Un coro de murmullos bajos ofreció lo que debía de ser un asentimiento.

»Vos no, sacerdote, pero da igual –le dijo Tyl Loesp al clérigo–. Continuad con la lectura si tenéis la bondad. –El sacerdote hizo lo que le mandaban con los ojos muy abiertos. El ayudante del médico se quedó mirando al rey y después alzó los ojos hacia el médico, que le devolvió la mirada.

–¡Loesp! –exclamó el rey, que había recuperado parte de su antigua autoridad–. ¿Qué significa este insulto? ¿Y encima insultas a mi hijo muerto? ¿Qué monstruosidad de...?

–Oh, cállate ya. –Tyl Loesp dejó el yelmo a sus pies y se inclinó un poco más, apoyó las mejillas en los nudillos y posó los codos protegidos por la cota de malla en el pecho del rey, todavía cubierto por la armadura; una falta de respeto sin precedentes que a Ferbin le pareció casi más escandalosa que todo lo que había oído hasta entonces. El rey hizo una mueca y resolló un poco. A Ferbin le pareció oír algo que burbujeaba. El médico había terminado de exponer la herida del costado del rey.

»Significa que ese cabroncete miedica está muerto, viejo cretino. –Tyl Loesp se dirigía a su único amo y señor como si fuese un simple mendigo–. Y, si por algún milagro no lo está, no tardará en estarlo. Al jovencito creo que lo mantendré con vida de momento, en mi calidad de regente. Aunque me temo que el pobre, callado y estudioso Oramen quizá no viva lo suficiente para ascender al trono. Dicen que al chico le interesan las matemáticas. A mí no (salvo, como a ti, por el papel que desempeña la trayectoria en la caída de un disparo), sin embargo yo calcularía que sus posibilidades de llegar a ver su próximo cumpleaños, y por tanto su mayoría de edad, van menguando por momentos a medida que se acerca el acontecimiento.

–¿Qué? –jadeó el rey, al que le costaba respirar–. ¡Loesp! Loesp por piedad...

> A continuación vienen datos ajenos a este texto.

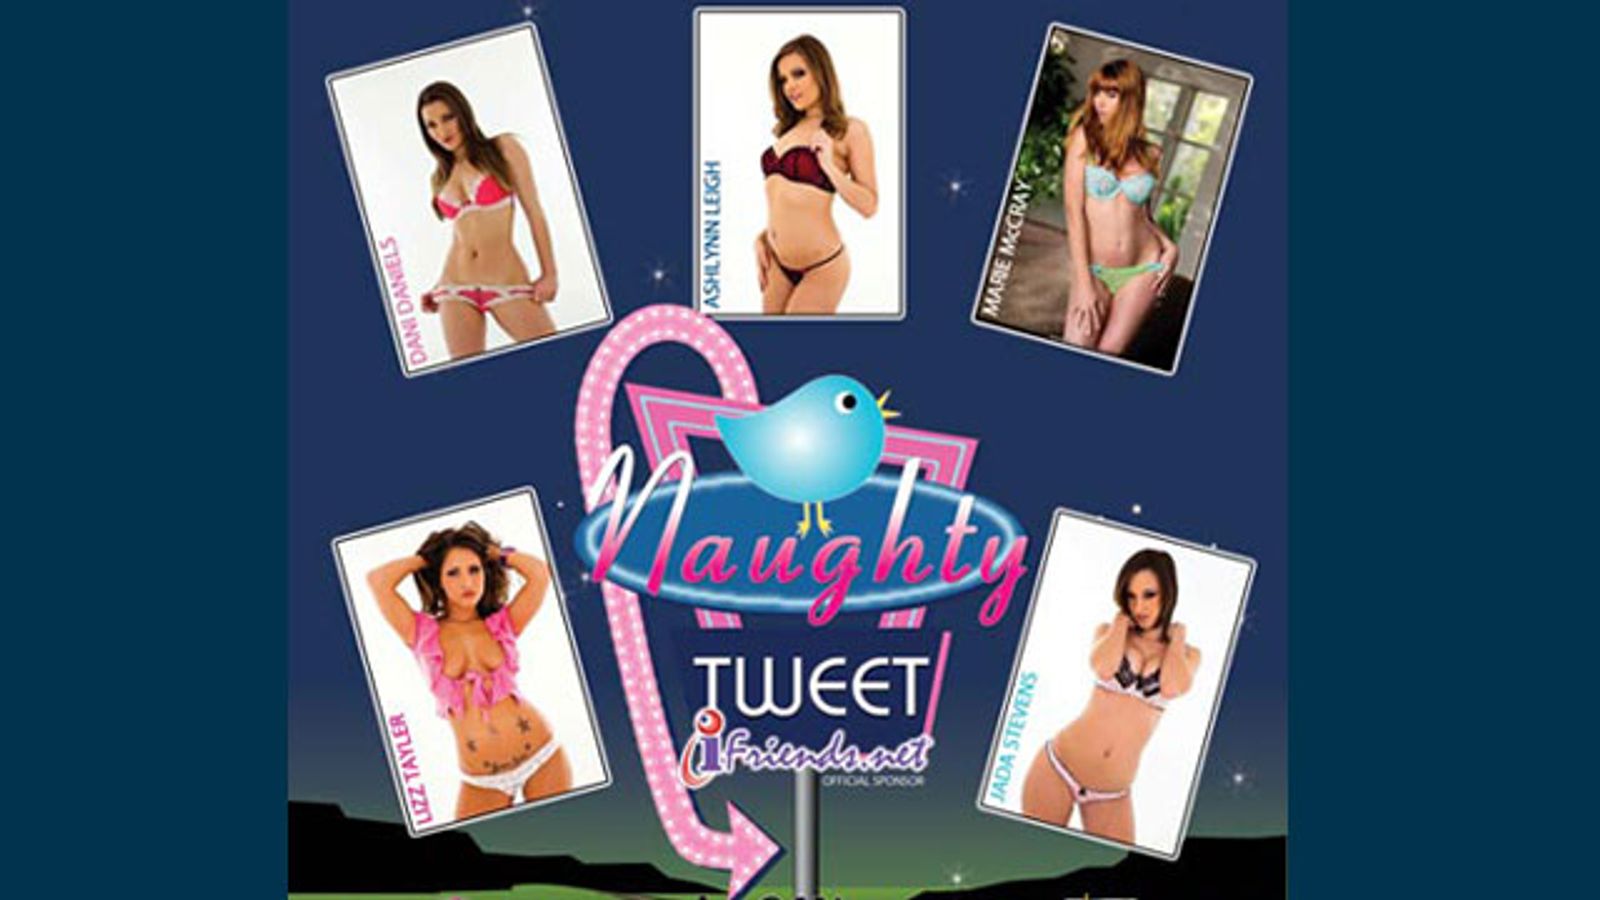 Naughty Tweet Network Take-Over Plan for Exxxotica Miami
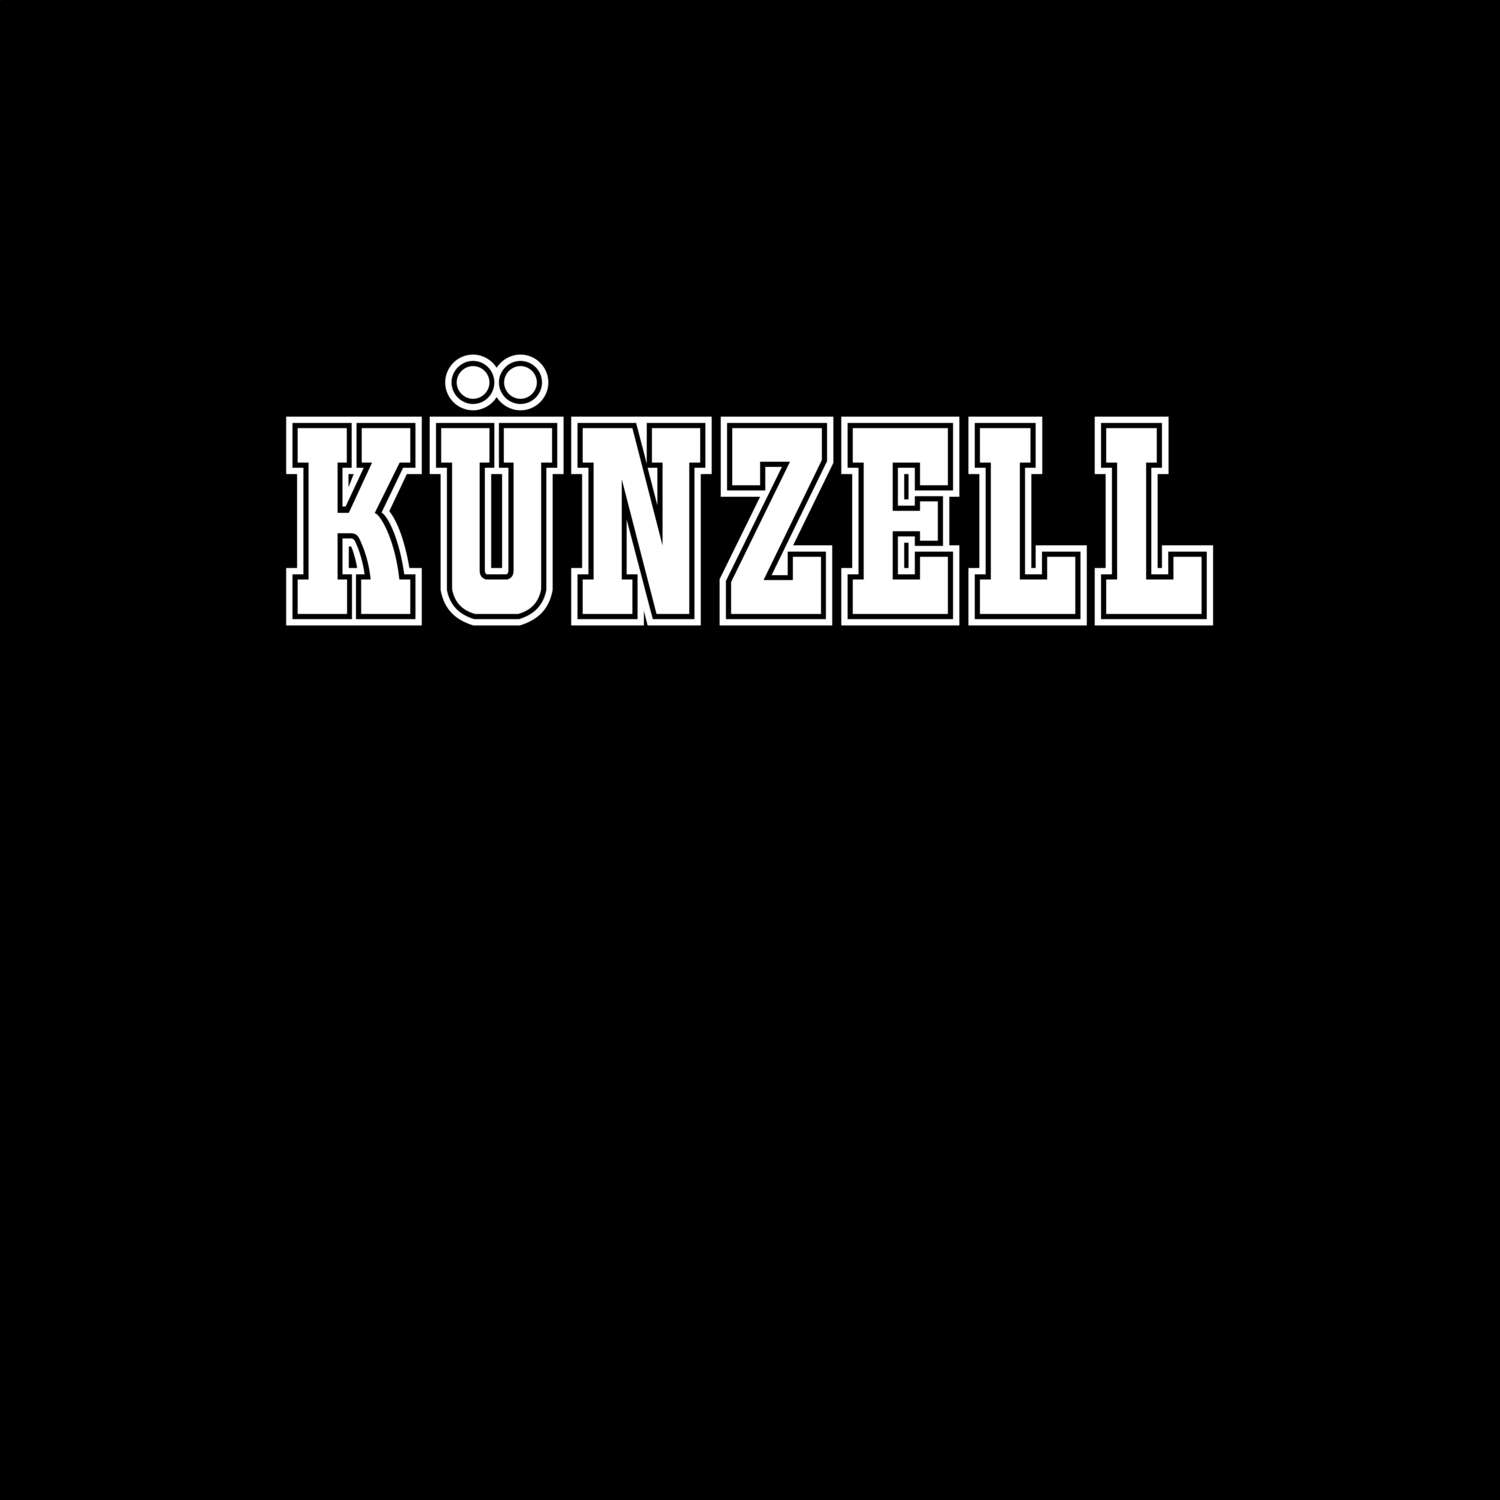 Künzell T-Shirt »Classic«

–No –dijo Loesp, apoyándose todavía más en la curva de color rojo sangre de la armadura y haciendo que el rey gimiese–. Nada de piedad, mi querido, viejo y lerdo guerrero. Ya has hecho tu parte, has ganado tu guerra. Eso es monumento y epitafio suficiente, tu momento ha llegado a su fin. Pero nada de piedad, señor, de eso nada. Voy a ordenar que todos los prisioneros hechos hoy sean pasados a cuchillo con toda celeridad y que el Noveno sea invadido con la mayor severidad, de modo que alcantarillas y ríos (cielos, hasta los molinos de agua, por lo que a mí respecta) corran rojos de sangre, y me atrevería incluso a decir que los chillidos serán terribles. Y todo en tu nombre, mi valiente príncipe. En venganza. Y también por los idiotas de tus hijos, si quieres. –Tyl Loesp acercó mucho su cara a la del rey y le gritó:– ¡Se acabó el juego, viejo zoquete! ¡Que fue siempre más grande de lo que nunca imaginaste! –Después se apoyó otra vez en el pecho del rey para incorporarse, con lo que el hombre postrado volvió a gemir. Tyl Loesp le hizo un gesto con la cabeza al médico, que, tras tragar saliva de forma más que visible, estiró la mano con un instrumento de metal y lo metió en la herida que tenía en el costado el monarca, que se estremeció y chilló.